Sales of new single-family houses in November were at a seasonally adjusted annual rate of 490,000, according to estimates released jointly by the U.S. Census Bureau and the Department of Housing and Urban Development. This is 4.3% above the revised October rate of 470,000 and is 9.1% above the November 2014 estimate of 449,000.
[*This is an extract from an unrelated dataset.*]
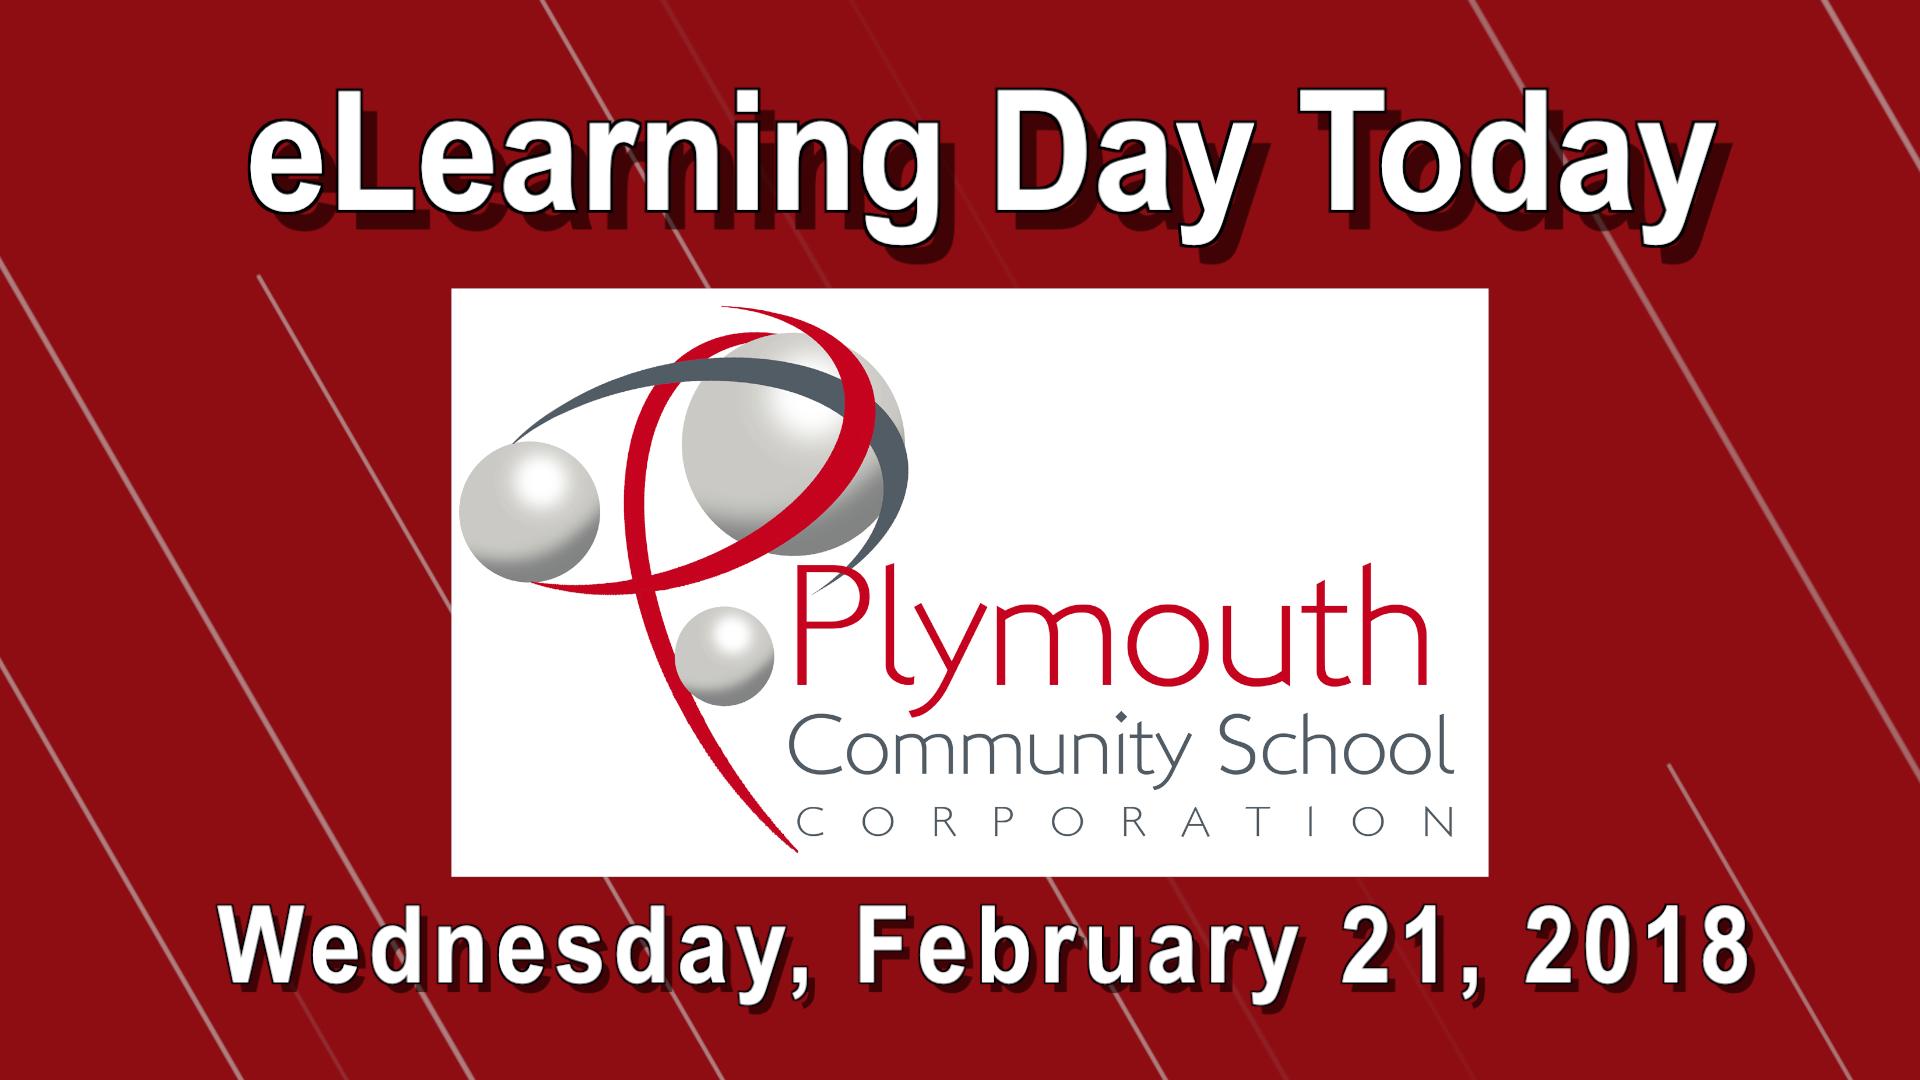 eLearning Day Today February 21, 2018
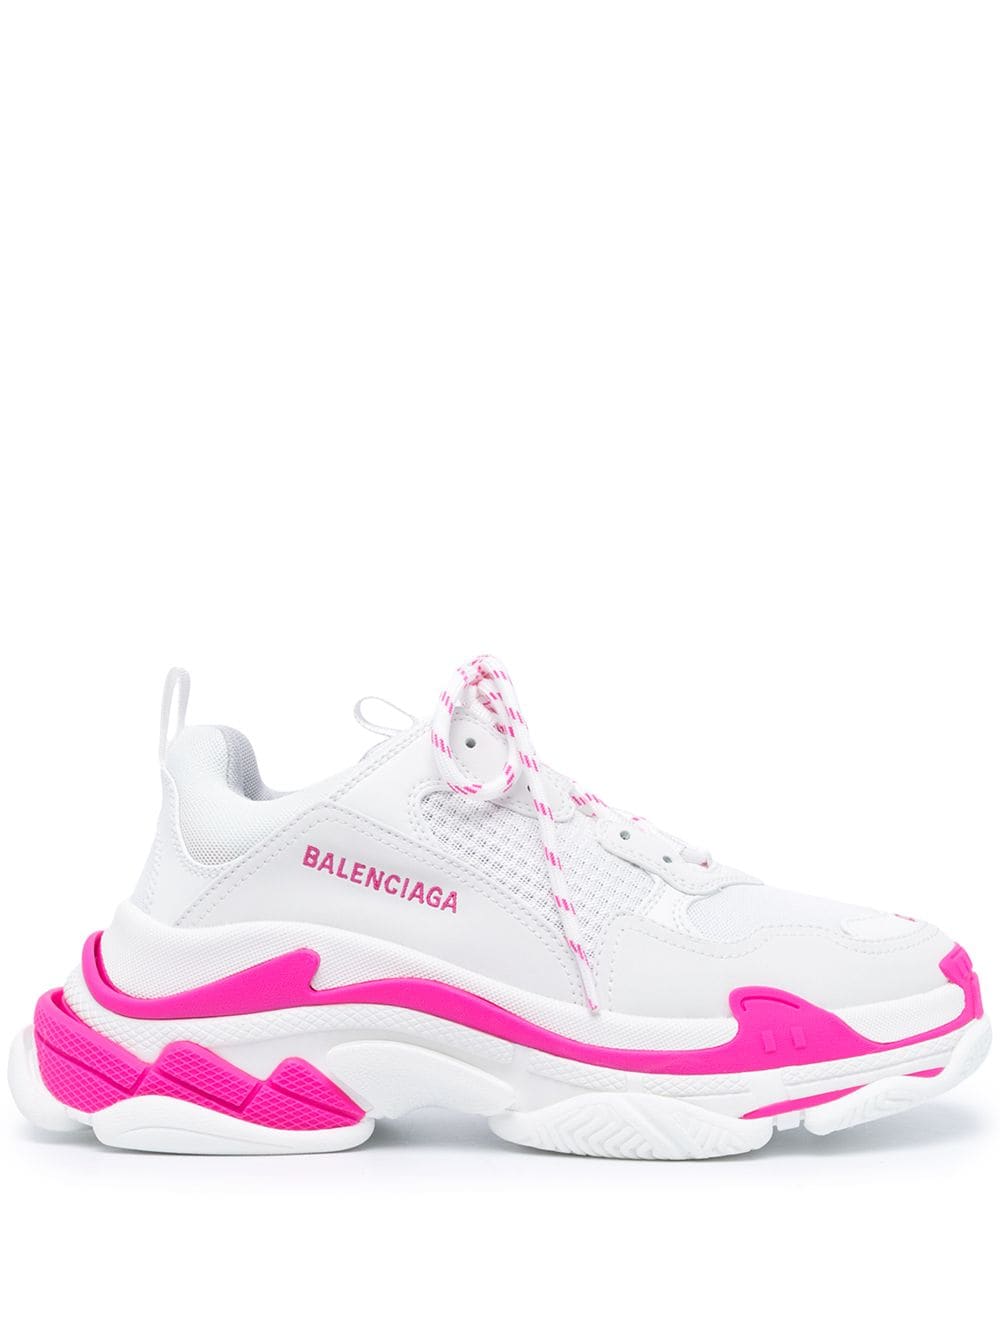 Balenciaga Woman White And Fluo Pink Triple S Sneakers

New orders for manufactured durable goods in November increased $0.1 billion or virtually unchanged to $238.8 billion, the U.S. Census Bureau announced. This increase, up two consecutive months, followed a 2.9% October increase. Excluding transportation, new orders decreased 0.1%. Excluding defense, new orders decreased 1.5%. Transportation equipment, also up two consecutive months, drove the increase, up $0.3 billion or 0.4% to $82.2 billion.
Market Mirror

Stocks advanced for a third straight day on Wednesday, once again helped by higher oil prices, which lifted shares in oil and gas companies, according to the Associated Press. The Dow gained 185.34 points (1.06%) to finish at 17,602.61, the NASDAQ closed 44.82 points (0.90%) higher at 5,045.93, and the S&P 500 increased 25.32 points (1.24%) to 2,064.29. The Russell 2000 was up 15.13 points (1.33%) at 1,152.81, and the Wilshire 5000 climbed 267.34 points (1.28%) to 21,192.35.

On the NYSE, 3.2 billion shares traded, with advancing issues outnumbering declining issues more than 6 to 1. On the NASDAQ, 2.7 billion shares changed hands, with a more than 2 to 1 lead for advancers.

The price of the 10-year Treasury note decreased 6/32, bringing its yield up to 2.257%. The price of the 30-year Treasury bond fell 18/32, increasing its yield to 2.986%.
Small Talk

ON THIS DATE: In 1814, the War of 1812 between the U.S. and Britain was ended with the signing of the Treaty of Ghent in Belgium. In 1818, Franz Gruber of Oberndorf, Germany, composed the music for “Silent Night” to words written by Josef Mohr. In 1851, a fire devastated the Library of Congress in Washington, D.C., destroying about 35,000 volumes. In 1943, U.S. President Franklin Roosevelt appointed General Dwight D. Eisenhower supreme commander of Allied forces as part of Operation Overlord. In 1948, the first completely solar-heated house became occupied in Dover, Massachusetts. In 1966, Luna 13 landed on the moon. In 1992, U.S. President George H.W. Bush pardoned former Defense Secretary Caspar Weinberger and five others in the Iran-Contra scandal.

No SURVEY SAYS this week. PLANSPONSOR wishes a Merry Christmas to those who celebrate it and a happy weekend for everyone. NewsDash will be back in your inbox Monday.